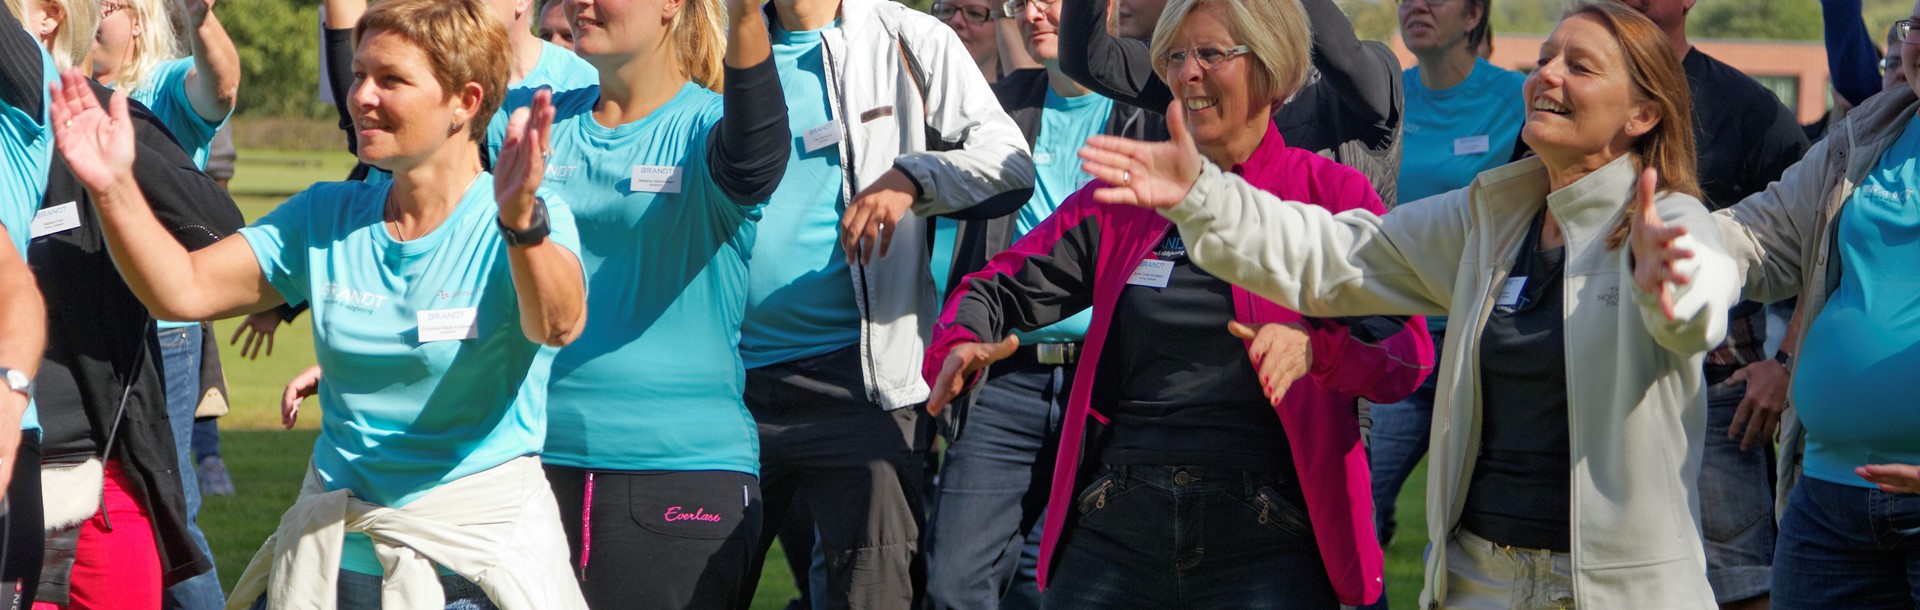 Vingsted event_Energizers 4.jpg
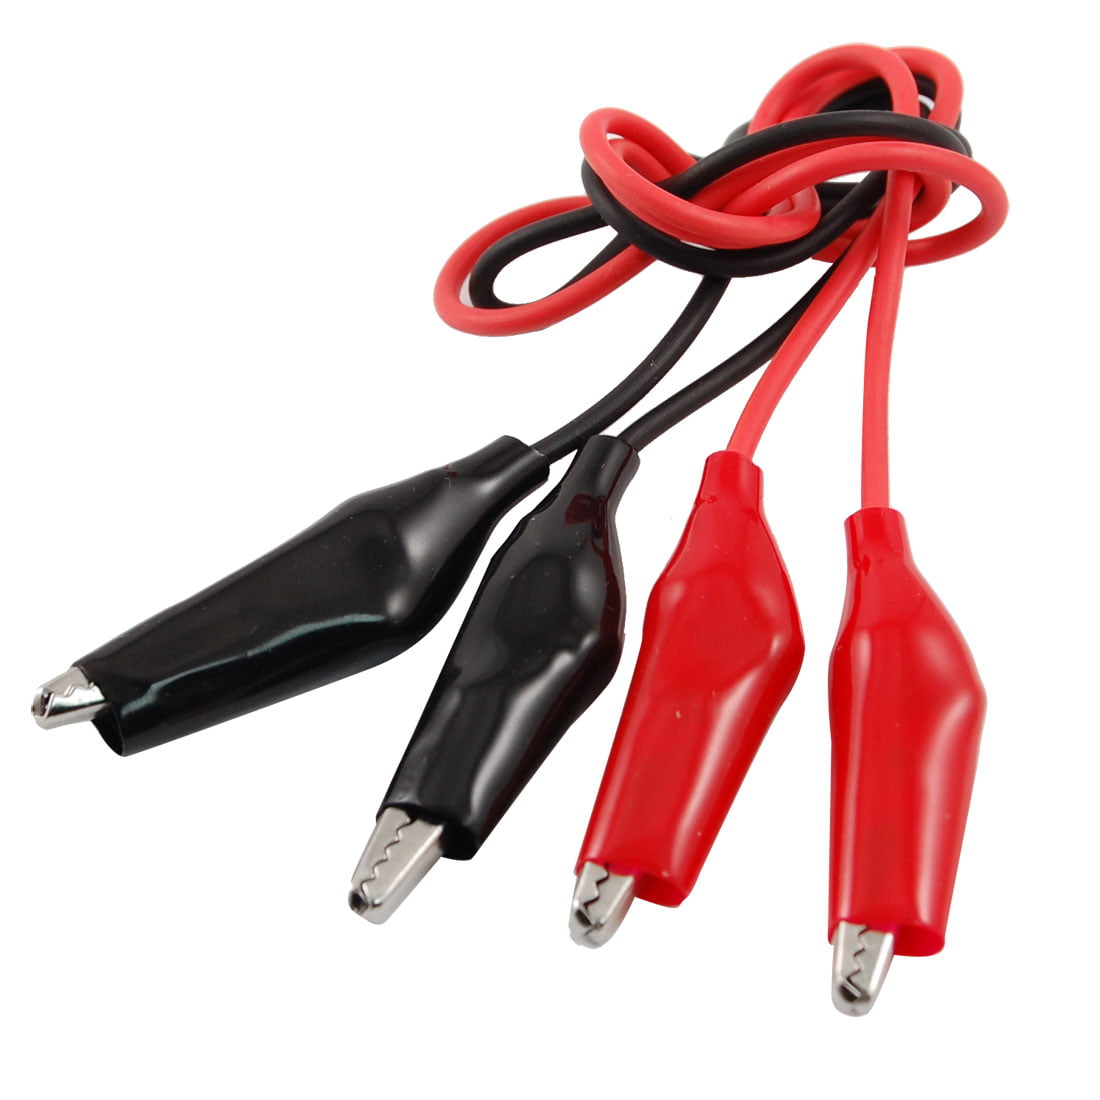 Black Clip Probe Meter Alligator Clip Test Wire 8pcs 35mm Double ended Red 
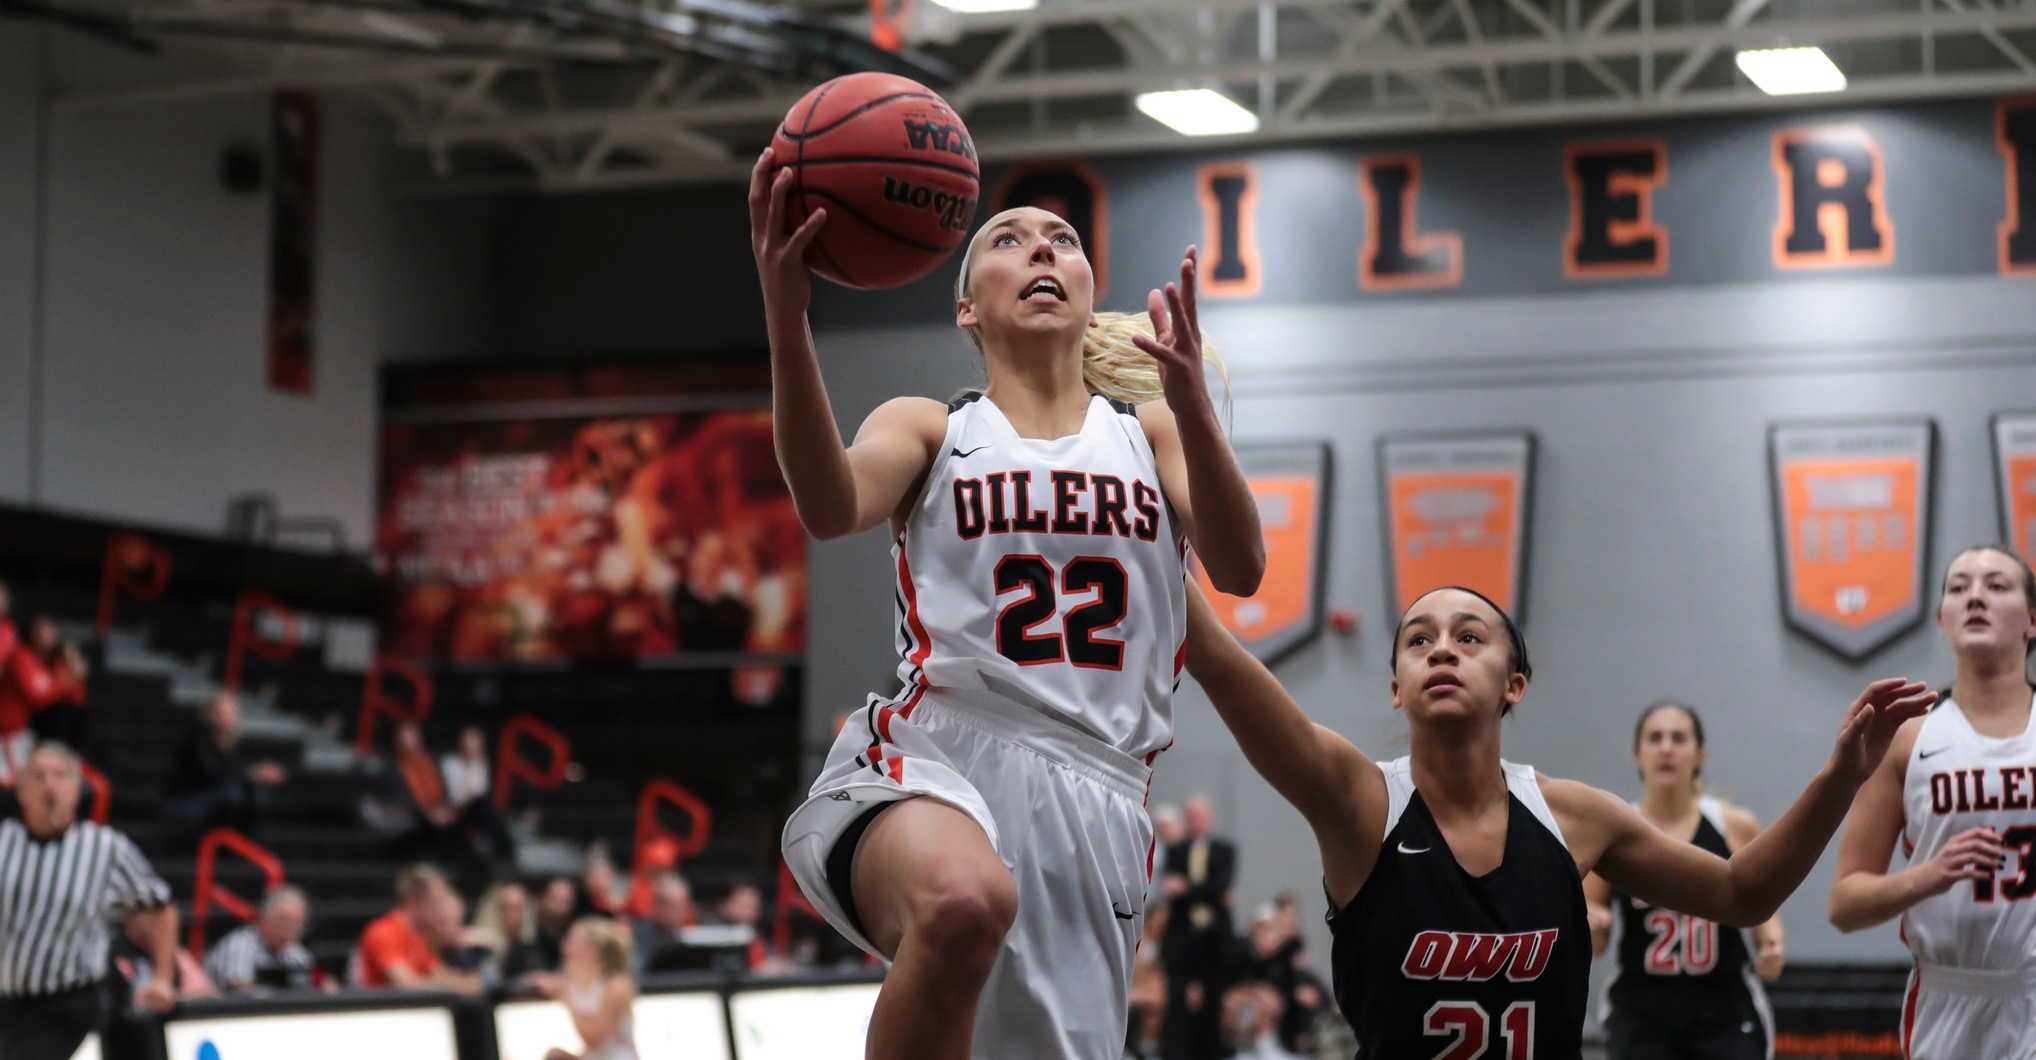 Oilers Open Season With 20-Point Win at Wayne State

__Work task__:
Set down the entire material verbatim, with each picture left out.

__Expected answer__:
 Vingsted event_Energizers 4.jpg
 Black Clip Probe Meter Alligator Clip Test Wire 8pcs 35mm Double ended Red 
 Oilers Open Season With 20-Point Win at Wayne State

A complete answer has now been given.